ABSTRACT
Traditionally, successful vaccines rely on specific adaptive immunity by activating lymphocytes with an attenuated pathogen, or pathogen subunit, to elicit heightened responses upon subsequent exposures. However, recent work with Mycobacterium tuberculosis and other pathogens has identified a role for “trained” monocytes in protection through memory-like but non-specific immunity. Here, we used an in vitro co-culture approach to study the potential role of trained macrophages, including lung alveolar macrophages, in immune responses to the Live Vaccine Strain (LVS) of Francisella tularensis. F. tularensis is an intracellular bacterium that replicates within mammalian macrophages and causes respiratory as well as systemic disease. We vaccinated mice with F. tularensis LVS and then obtained lung alveolar macrophages, or derived macrophages from bone marrow. LVS infected and replicated comparably in both types of macrophages, whether naïve or from LVS-vaccinated mice. LVS-infected macrophages were then co-cultured with either naïve splenocytes, splenocytes from mice vaccinated intradermally, or splenocytes from mice vaccinated intravenously. For the first time, we show that immune (but not naïve) splenocytes controlled bacterial replication within alveolar macrophages, similar to previous results using bone marrow-derived macrophage. However, no differences in control of intramacrophage bacterial replication were found between co-cultures with naïve macrophages or macrophages from LVS-vaccinated mice; furthermore, nitric oxide levels and interferon-gamma production in supernatants were largely comparable across all conditions. Thus, in the context of in vitro co-cultures, the data do not support development of trained macrophages in bone marrow or lungs of mice vaccinated with LVS intradermally or intravenously.
IMPORTANCE
The discovery of non-specific “trained immunity” in monocytes has generated substantial excitement. However, to date, training has been studied with relatively few microbes (e.g., Mycobacterium bovis Bacille Calmette-Guérin, a live attenuated intracellular bacterium used as a vaccine) and microbial substances (e.g., LPS), and it remains unclear whether training during infection is common. We previously demonstrated that vaccination of mice with Francisella tularensis Live Vaccine Strain (LVS), another live attenuated intracellular bacterium, protected against challenge with the unrelated bacterium Listeria monocytogenes. The present study therefore tested whether LVS vaccination engenders trained macrophages that contributed to this protection. To do so, we used a previous in vitro co-culture approach with murine bone marrow-derived macrophages to expand and study lung alveolar macrophages. We demonstrated that alveolar macrophages can be productively infected and employed to characterize interactions with LVS-immune lymphocytes.

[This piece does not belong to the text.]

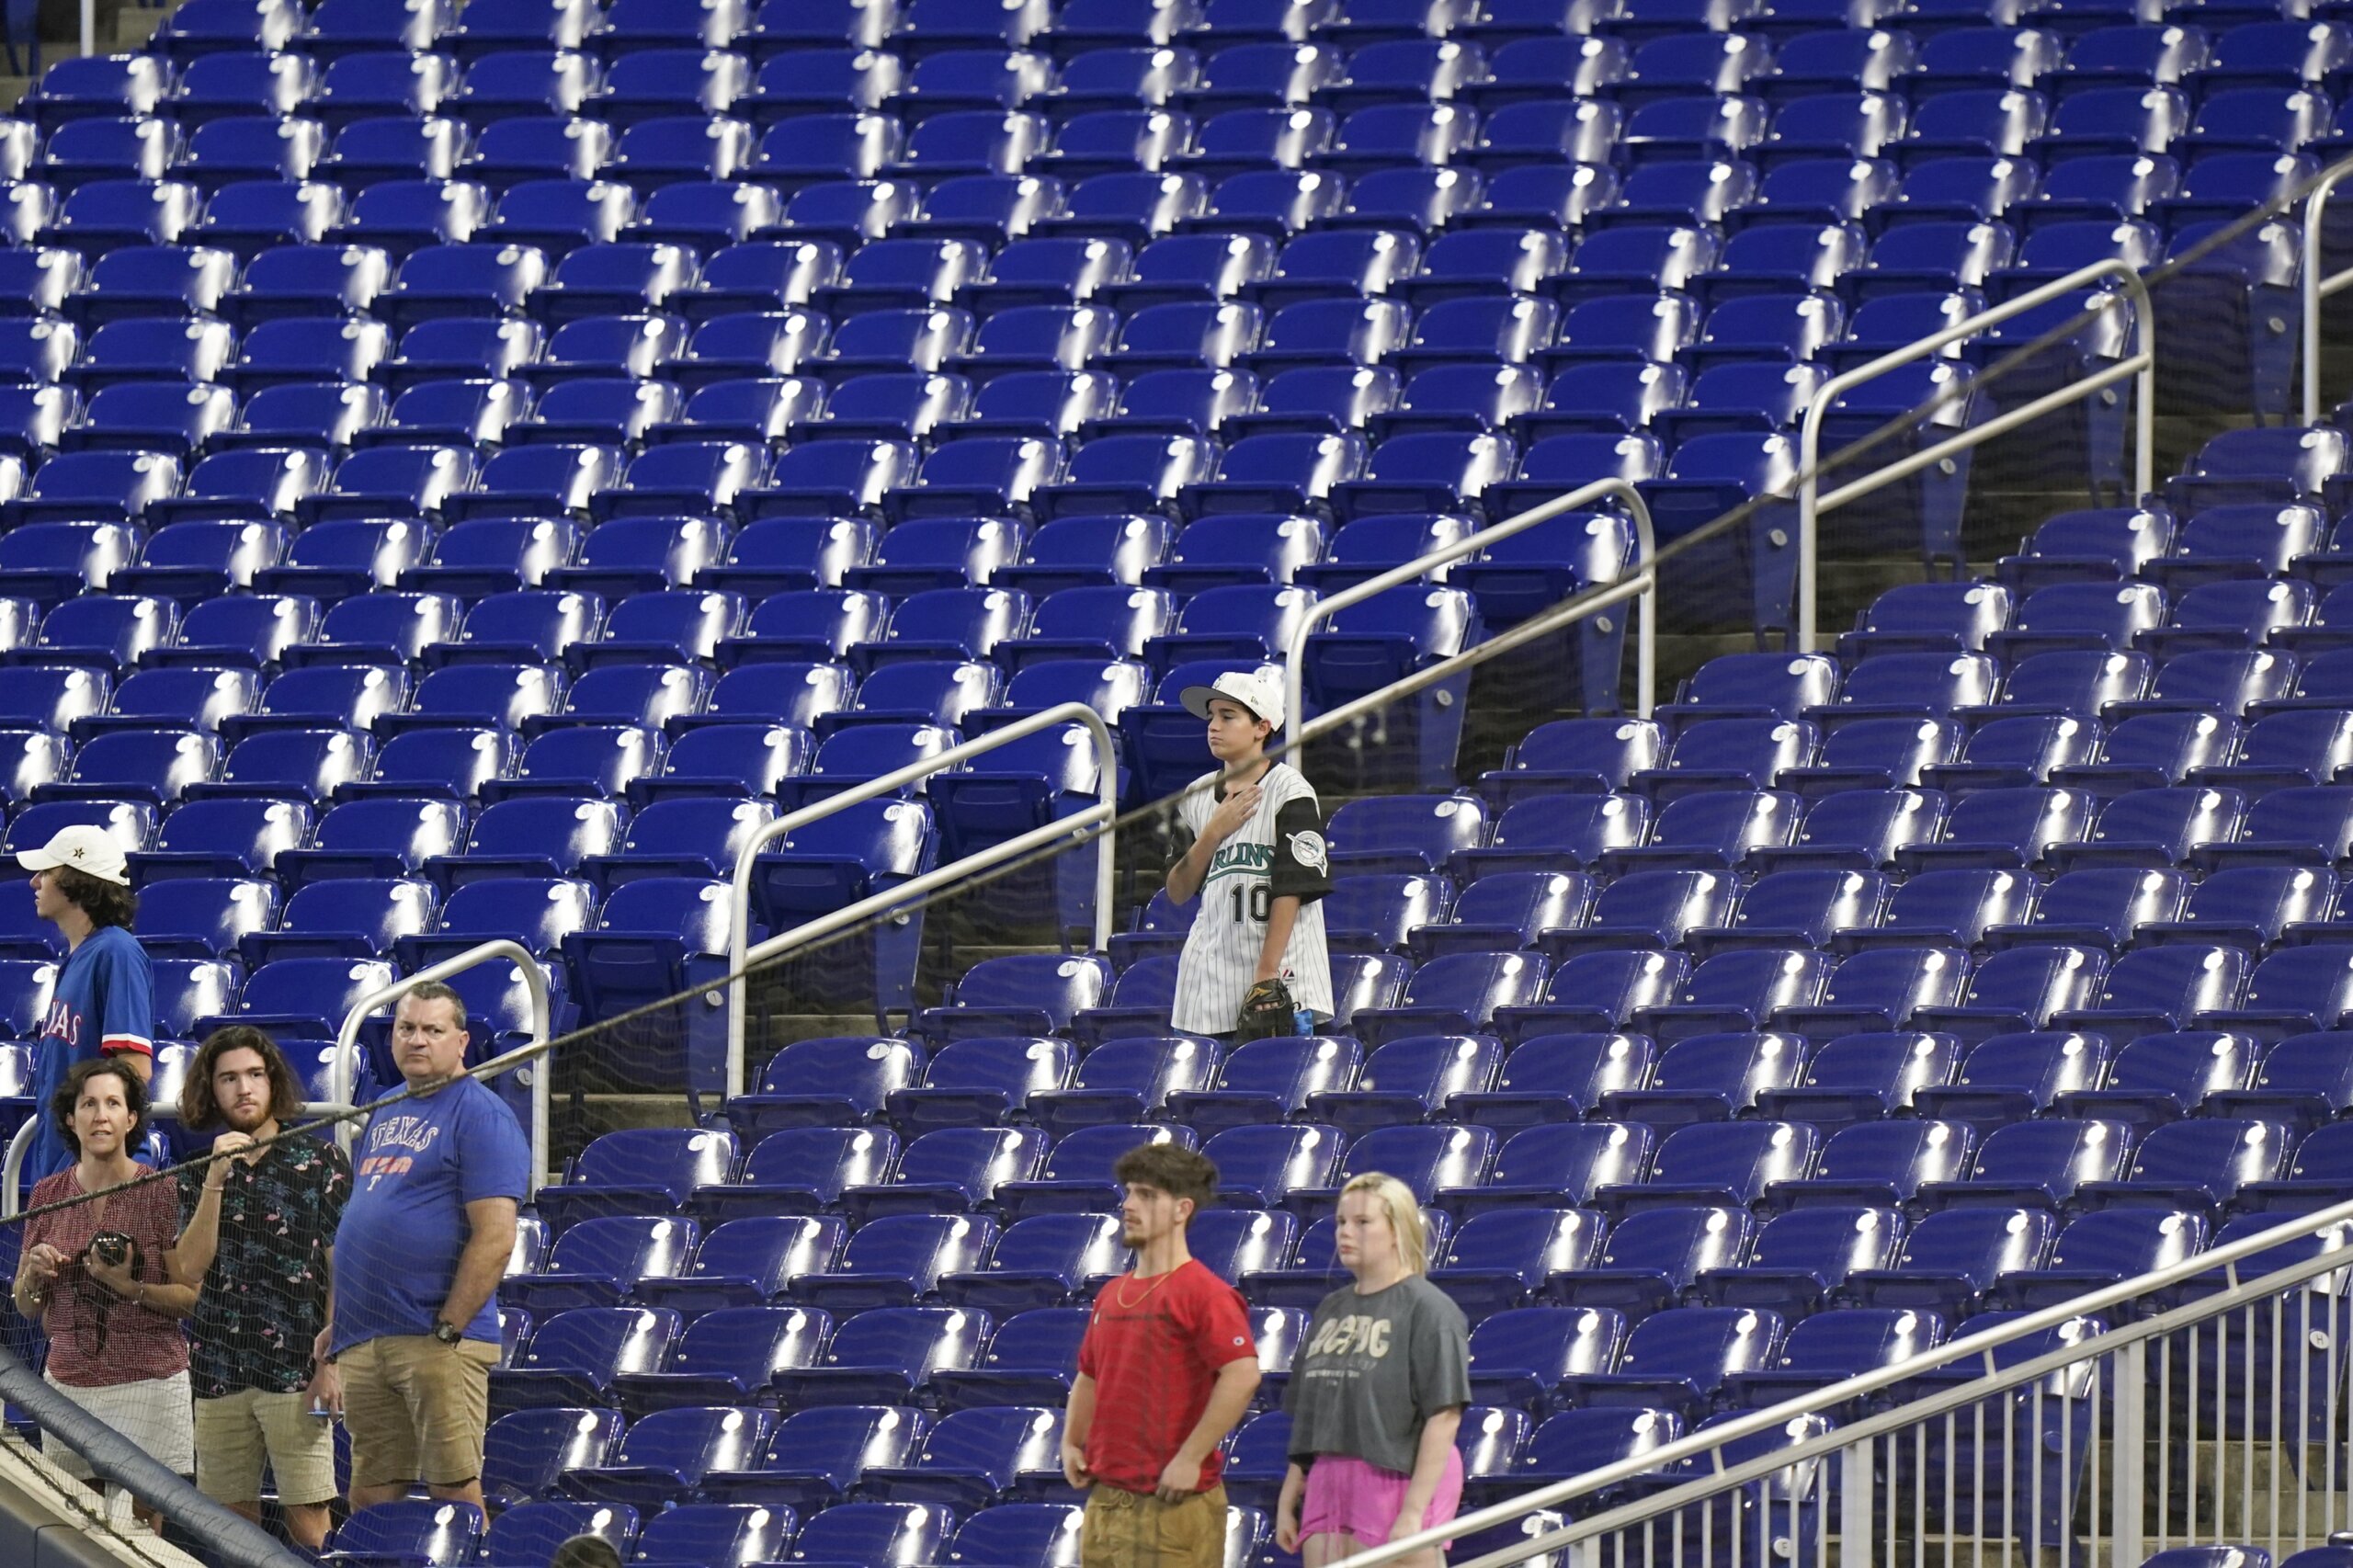 MLB struggling to get attendance back to prepandemic levels WTOP News

However, we find no evidence that either bone marrow-derived or alveolar macrophages are trained by LVS vaccination.
KEYWORDS: Francisella LVS, macrophages, trained immunity, alveolar
INTRODUCTION
Vaccination targets adaptive immunity mediated by memory T and B lymphocytes, activating the immune system with an attenuated pathogen or a pathogen subunit to elicit faster, stronger responses upon subsequent exposures. Recent work in experimental models as well as clinical studies have suggested that vaccination may also stimulate durable immunological memory in innate immune cells, dubbed “trained immunity.” Trained immunity appears to be mediated by epigenetic, metabolic, and functional reprogramming of innate myeloid and lymphoid immune cells (1, 2). Stimulation of innate immune cells leads to the development of chromatin marks in cellular DNA, such as histone acetylation and methylation. These marks promote the unfolding of chromatin, thus facilitating transcription and expression of genes that regulate production of proinflammatory factors. Residues of these changes remain even after the stimulus has been removed, promoting enhanced gene expression after secondary challenge (3).

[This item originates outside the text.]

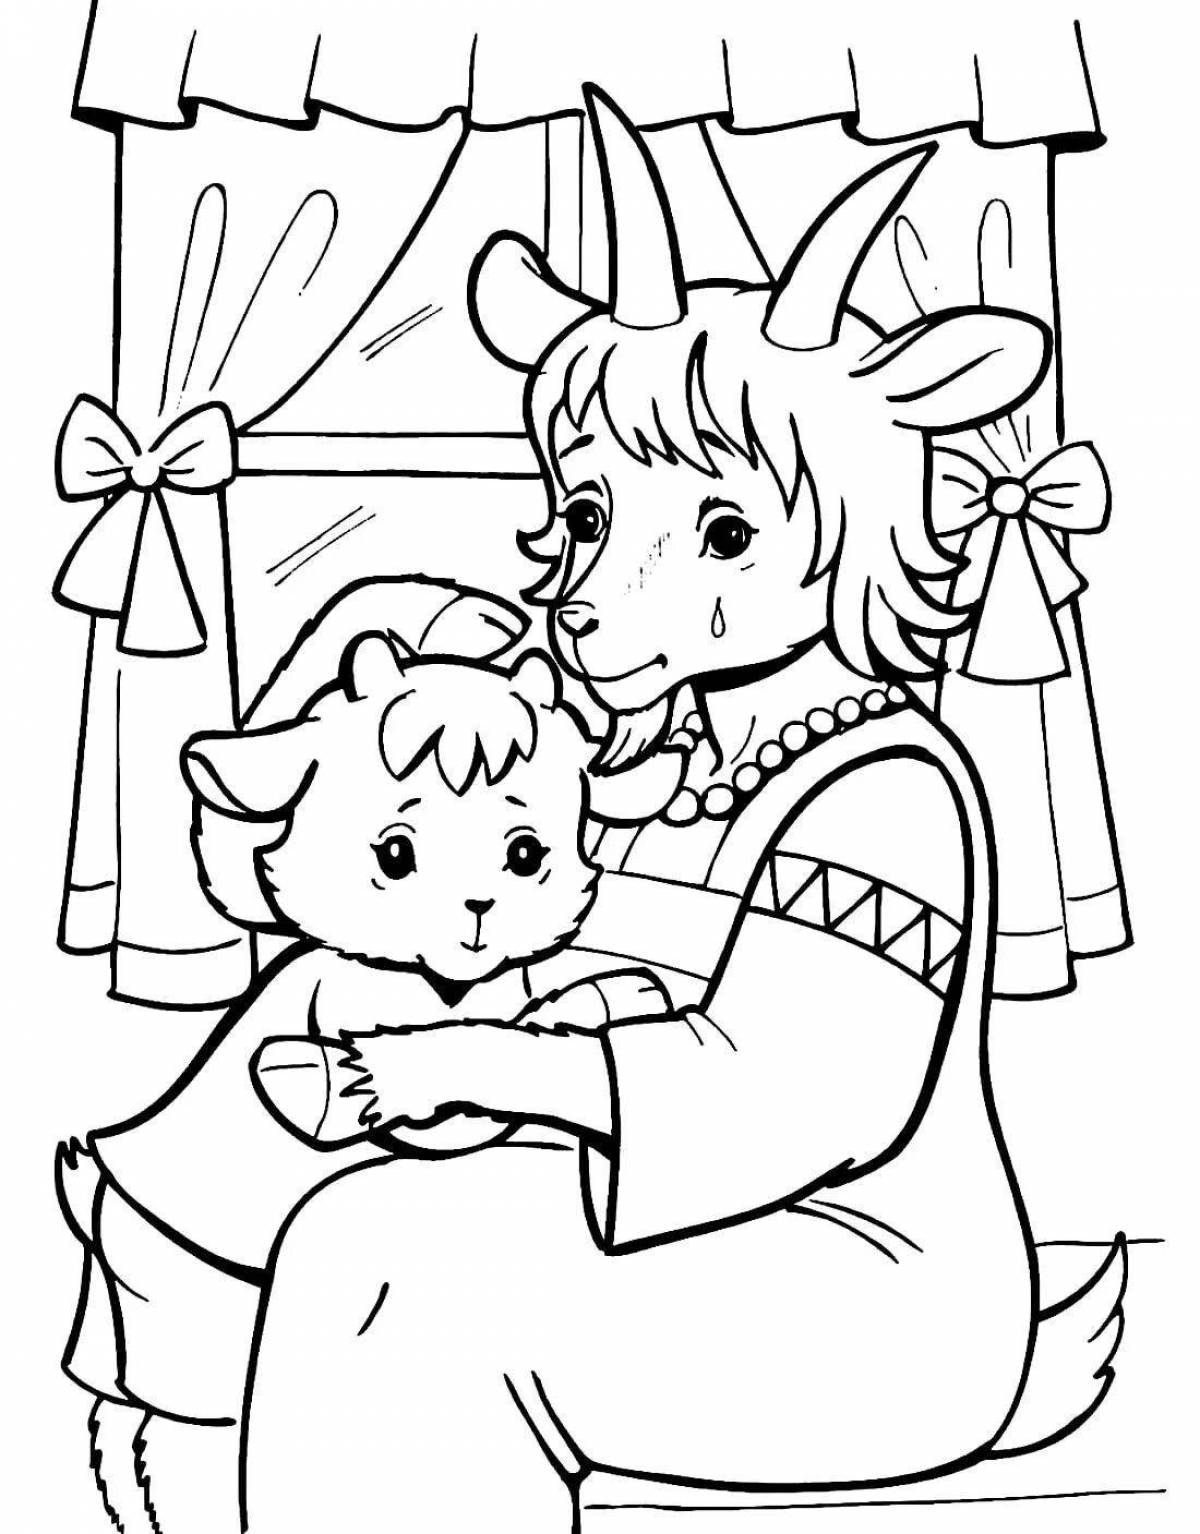 Fairy tale coloring book for preschoolers

A growing body of evidence supports that innate immune memory is induced at both the central and local levels in the bone marrow and tissues, respectively. While earlier studies identified the presence of trained bone marrow progenitors (4, 5), recent findings support the development of trained tissue resident monocytes, including microglia and alveolar macrophages (AMØs), with increased glycolytic metabolism and chemokine production; these responses are functional hallmarks of trained immunity (6–8). For example, Yao et al. (7) demonstrated that an adenovirus infection can induce a lasting memory phenotype in alveolar macrophages, associated with upregulation of MHC II, host defense genes, glycolytic activity, and neutrophil chemokine responses.
The development of trained immunity is further supported by the functional role of “trained” innate cells. Epidemiological studies have shown non-specific protection from live attenuated vaccines, including vaccines against tuberculosis, polio, smallpox, and measles (9). For instance, the tuberculosis vaccine Bacille Calmette-Guérin (BCG) has prompted non-specific protection against human papillomavirus, respiratory syncytial virus, influenza virus, and herpes simplex virus (10). An important example comes from a randomized controlled study in people, which found that administration of BCG protected against experimental infection with an attenuated yellow fever vaccine strain. The reduced viral load was correlated with upregulation of interleukin 1β (IL-1β), a cytokine associated with trained immunity (11). Remarkably, BCG vaccination has also been associated with reductions in morbidity and mortality from malignancies and autoimmune diseases, presumably through induction of innate immune memory mechanisms (1, 2, 12). Moreover, in mice, BCG vaccination has shown protective effects against challenge with Staphylococcus aureus, Candida albicans, Schistosoma mansoni, influenza, hepatitis, and HSV (1, 2, 10, 12).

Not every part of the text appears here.